2.2 Ultimate bound set and domain of attraction
In this section, we further investigate the ultimate bound set and global domain of attraction of the high-order Lorenz-Stenflo system (2). The main result is described by the following theorems, Theorems 1 and 2.
Theorem 1
For any
\(\lambda_{1} > 0\), \(m > 0\), \(\sigma > 0\), \(s > 0\), \(r > 0\), \(b > 0\), there exists a positive number
\(M > 0\)
such that
$$ \Psi = \bigl\{ X \mid \lambda_{1} ( x - m_{2} ) ^{2} + my^{2} + m ( z - 2 \lambda_{2} ) ^{2} + \lambda_{1}s ( v - m_{3} ) ^{2} + mu^{2} + m ( \omega - \lambda_{2} ) ^{2} \le M \bigr\} $$
is the ultimate bound and positively invariant set of the high-order Lorenz-Stenflo system (2), where
\(X ( t ) = ( x ( t ) ,y ( t ) ,z ( t ) ,v ( t ) ,u ( t ) ,\omega ( t ) )\).
Proof
Define the following Lyapunov-like function
$$ V ( X ) = \lambda_{1} ( x - m_{2} ) ^{2} + my^{2} + m ( z - 2\lambda_{2} ) ^{2} + \lambda_{1}s ( v - m_{3} ) ^{2} + mu^{2} + m ( \omega - \lambda_{2} ) ^{2}, $$
(3)
where \(\forall \lambda_{1} > 0\), \(\forall m > 0\), \(\lambda_{2} = \frac{ \lambda_{1}\sigma + mr}{2m}\), \(X ( t ) = ( x ( t ) , y ( t ) , z ( t ) , v ( t ) , u ( t ) , \omega ( t ) ) \), and \(m_{2} \in R\), \(m_{3} \in R\) are arbitrary constants.
We have
$$\begin{aligned}& \frac{dV( X( t ) ) }{dt}\bigg| _{(2)} \\& \quad = 2\lambda_{1} ( x - m_{2} ) \frac{dx}{dt} + 2my \frac{dy}{dt} + 2m ( z - 2\lambda_{2} ) \frac{dz}{dt} + 2 \lambda_{1}s ( v - m_{3} ) \frac{dv}{dt} \\& \quad \quad {}+ 2mu\frac{du}{dt} + 2m ( \omega - \lambda_{2} ) \frac{d \omega }{dt}, \\& \quad = 2\lambda_{1} ( x - m_{2} ) ( \sigma y - \sigma x + sv ) + 2my ( - xz + rx - y ) + 2m ( z - 2\lambda_{2} ) ( xy - xu - bz ) \\& \quad \quad {}+ 2\lambda_{1}s ( v - m_{3} ) ( - x - \sigma v ) + 2mu \bigl[ xz - 2x\omega - ( 1 + 2b ) u \bigr] + 2m ( \omega - \lambda_{2} ) ( 2xu - 4b\omega ) \\& \quad = - 2\lambda_{1}\sigma x^{2} + 2\lambda_{1} \sigma m_{2}x + 2\lambda _{1}sm_{3}x - 2my^{2} - 2\lambda_{1}\sigma m_{2}y - 2bmz^{2} + 4bm \lambda_{2}z - 2\lambda_{1}s\sigma v^{2} \\& \quad \quad {}- 2\lambda_{1}sm_{2}v + 2\lambda_{1}sm_{3} \sigma v - 2m ( 1 + 2b ) u ^{2} - 8bm\omega^{2} + 8bm \lambda_{2}\omega. \end{aligned}$$
Let \(\frac{dV ( X ( t ) ) }{dt} = 0\).

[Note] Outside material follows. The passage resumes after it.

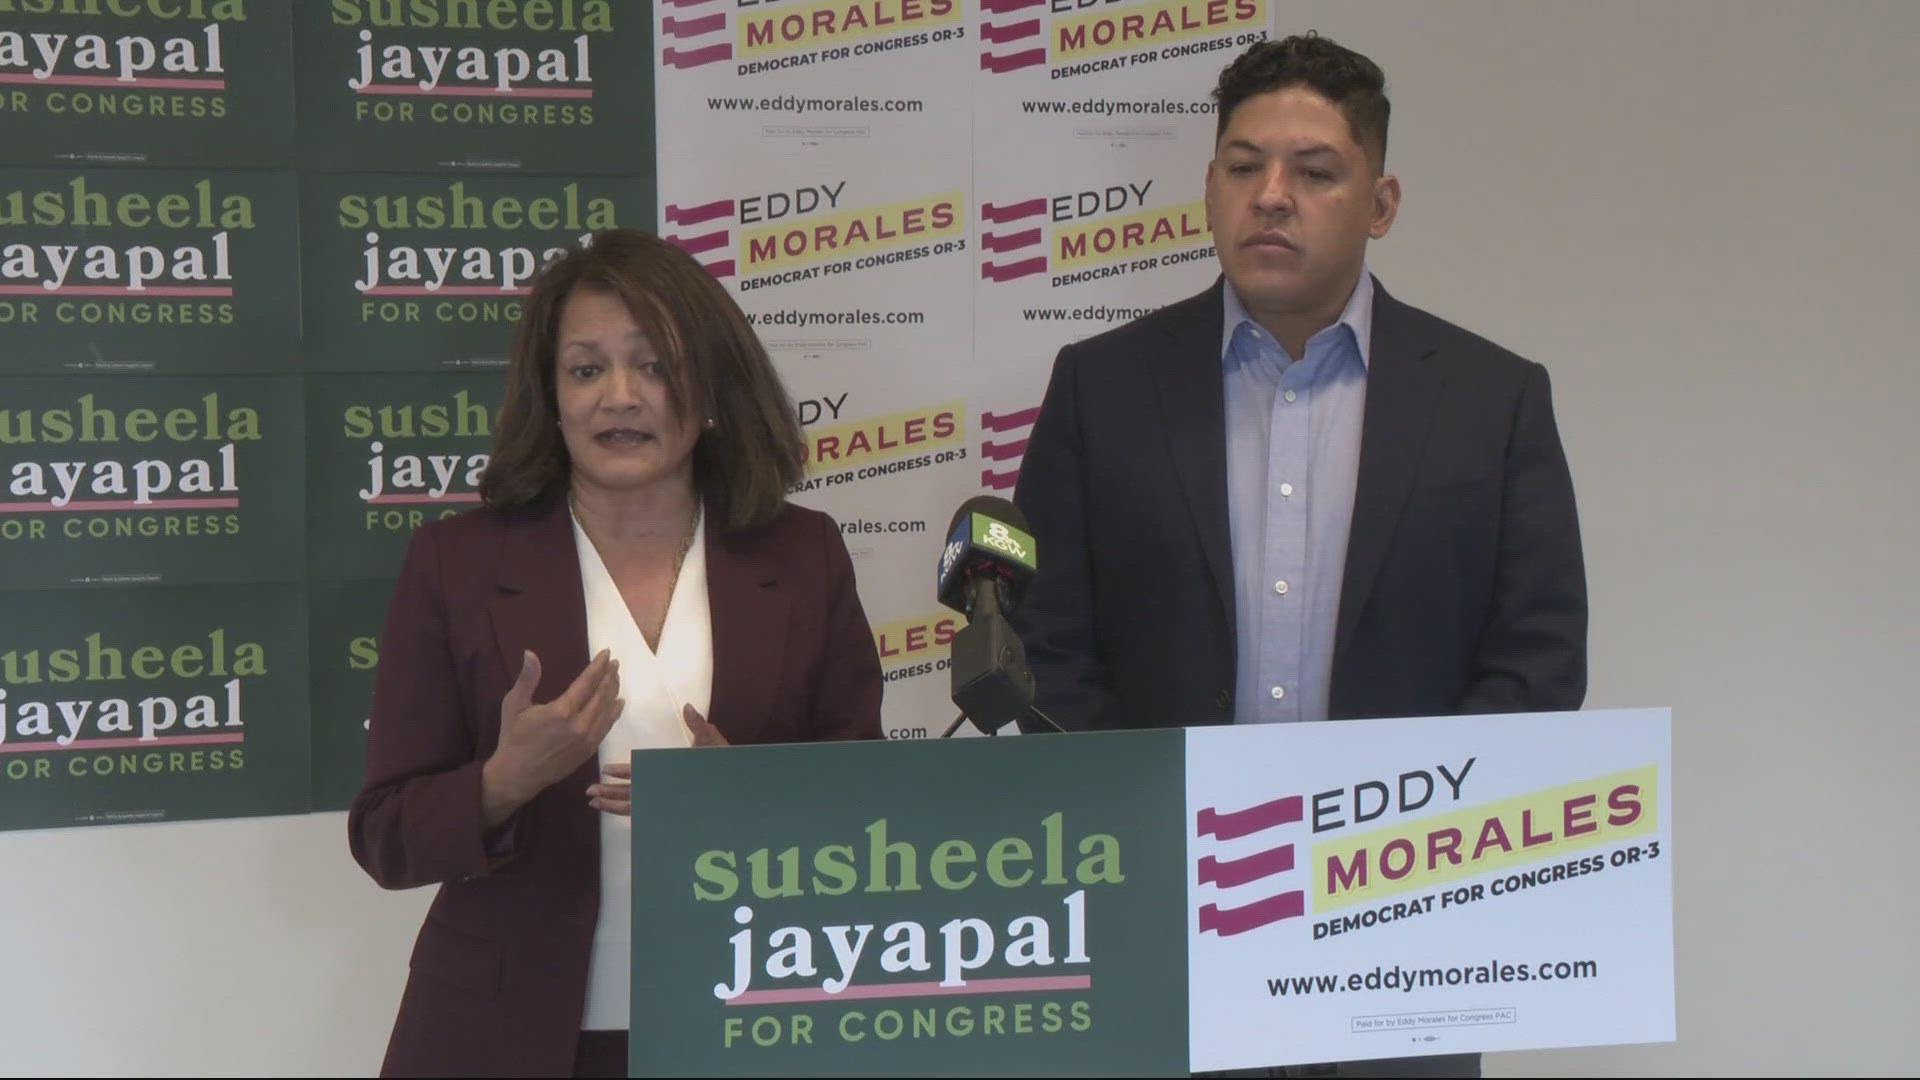 Susheela Jayapal and Eddy Morales are pushing Maxine Dexter to find out who's behind $1.6 million spent on the race through a group called 314 Action.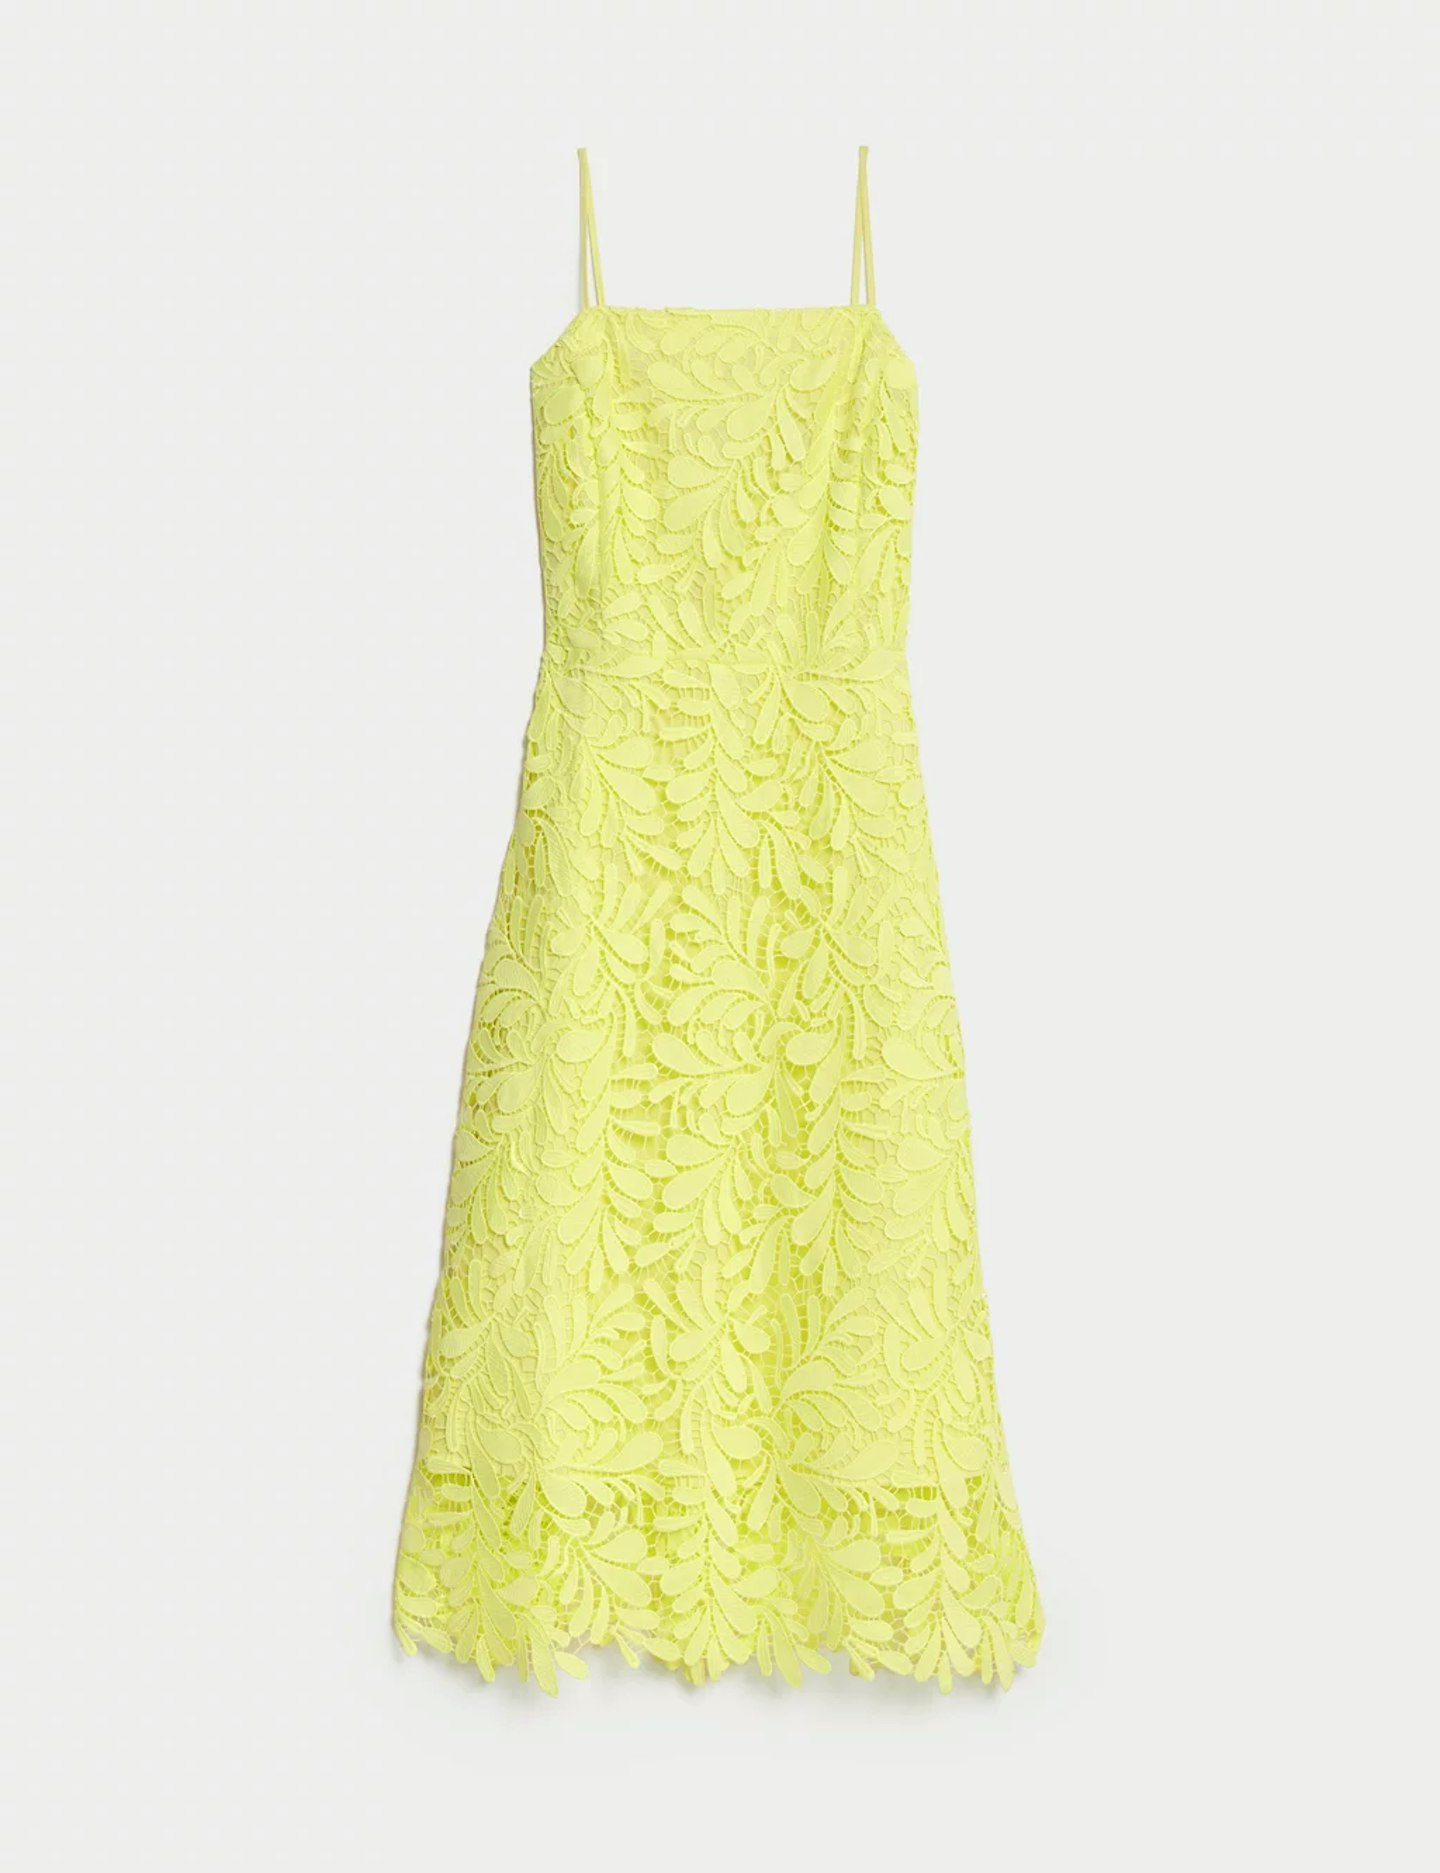 M&S, Lace Square-Neck Strappy Waisted Midi Dress

Then, we get that the surface
$$ \Gamma : \left \{ \textstyle\begin{array}{l} X \mid - 2\lambda_{1}\sigma x^{2} + 2\lambda_{1}\sigma m _{2}x + 2\lambda_{1}sm_{3}x - 2my^{2} \\ \quad {}- 2\lambda_{1}\sigma m_{2}y - 2bmz ^{2} + 4bm\lambda_{2}z - 2\lambda_{1}s\sigma v^{2} \\ \quad {}- 2\lambda_{1}sm_{2}v + 2\lambda_{1}sm_{3}\sigma v - 2m ( 1 + 2b ) u ^{2} - 8bm\omega^{2} + 8bm\lambda_{2}\omega = 0 \end{array}\displaystyle \right \} $$
(4)
is an ellipsoid in \(R^{6}\)
\(\forall \lambda_{1} > 0\), \(m > 0\), \(\sigma > 0\), \(s > 0\), \(r > 0\), \(b > 0\). Outside Γ, \(\frac{dV ( X ( t ) ) }{dt} < 0\), whereas inside Γ, \(\frac{dV ( X ( t ) ) }{dt} > 0\). Thus, the ultimate boundedness for system (2) can only be reached on Γ. Since the Lyapunov-like function \(V ( X ) \) is a continuous function and Γ is a bounded closed set, the function (3) can reach its maximum value \(\max_{X \in \Gamma } V ( X ) = M\) on the surface Γ. Obviously, \(\{ X \mid V ( X ) \le \max_{X \in \Gamma } V ( X ) = M,X\in \Gamma \} \) contains solutions of system (2). It is obvious that the set Ψ is the ultimate bound set and positively invariant set for system (2).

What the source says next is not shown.